Чемодан пана Воробкевича. Мост. Фальшивый талисман
Шрифт:
— На Шипке все спокойно, — ответил Левицкий. — Выспался?
— А вы так и не ложились?
— Ты же не спал две ночи, а я одну.
— По–моему, — рассердился Кирилюк, — вы злоупотребляете своим правом командира!
— Ну–ну! — погрозил пальцем полковник. — Не тебе меня учить. Лучше подмени Губченко.
— Как там?
— Играют в карты..
— Значит, попытаются перейти границу сегодня ночью.
— Да уж не для того бежали сюда, чтобы играть в дурака.
— Лесник отдыхал? И надо подменить солдат.
— Отдыхают через одного.
Петр
— Я не должен был задавать такой вопрос, зная, что вы не спали.
— Иди и скажи Губченко, что я жду его, — слегка подтолкнул его полковник.
День тянулся долго. Бандеровцы резались в карты, потом снова спали, и Петр поймал себя на мысли, что он как–то свыкся с этой ситуацией и чувствует себя на посту у буерака значительно свободнее.
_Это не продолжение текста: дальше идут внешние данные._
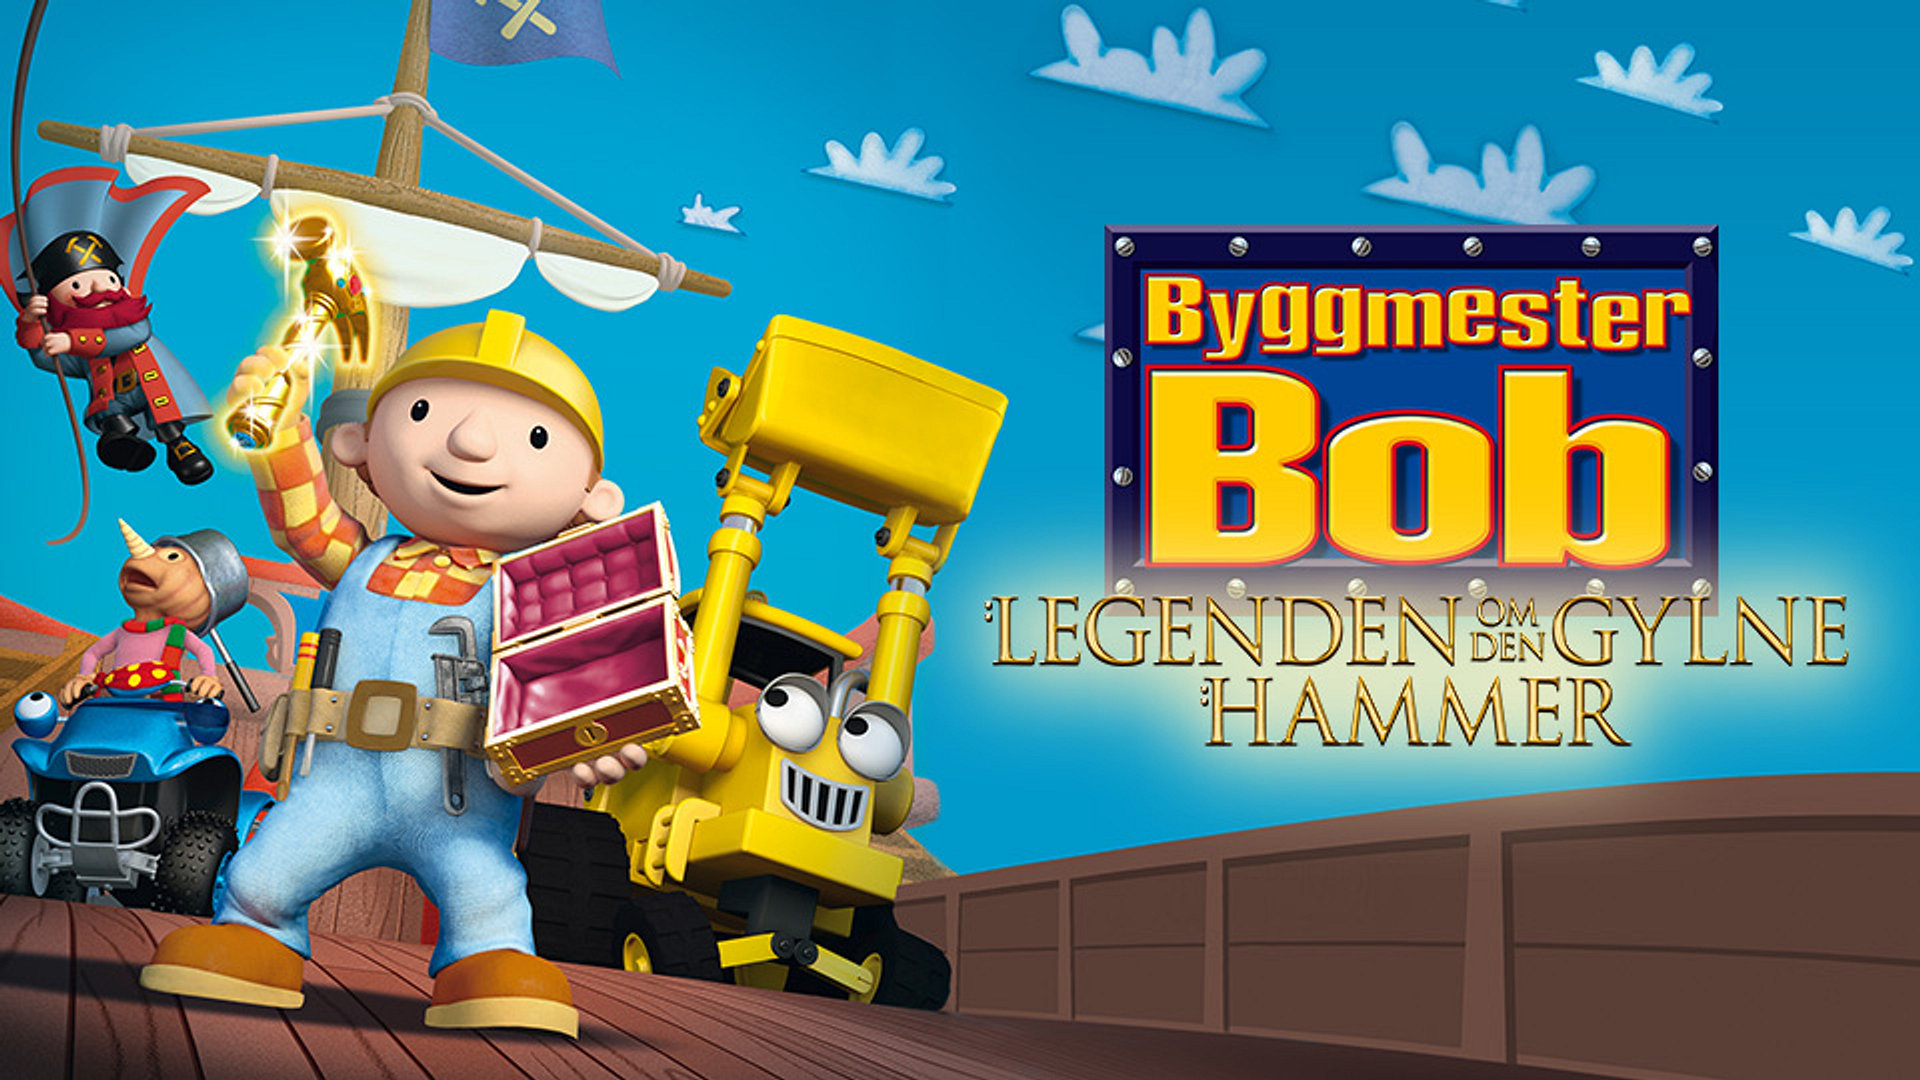 Byggmester Bob - Legenden om den gylne hammer

Раньше боялся пошевельнуться, лишний раз посмотреть в щель между стволами — не дай бог обнаружит себя, — а теперь уверенно передвигался между кустами, где залегли солдаты, и над оврагом: знал, что бандиты все равно не заметят его.
Солнце склонилось до самых гор, стрелки часов передвинулись к семи, когда Петр заметил нечто новое в поведении бандеровцев: голова Сливинского то исчезала, то снова через короткие интервалы появлялась между стволами — будто он стоял на коленях и кланялся. Потом голова показалась еще раз — уже в шляпе, и Кирилюк прилип к щели: неужели собираются? Увидел край чемодана, который кто–то поднял на плечо, и окончательно убедился: наконец!
Обернулся к леснику:
— Они выходят.
Тот сначала посмотрел непонимающе, но сразу кивнул с просветлевшим лицом — и ему осточертело прятаться над оврагом. Чуть высунулся, тихонько свистнул, как свистит дрозд, и махнул рукой. Из кустов ответили таким же свистом…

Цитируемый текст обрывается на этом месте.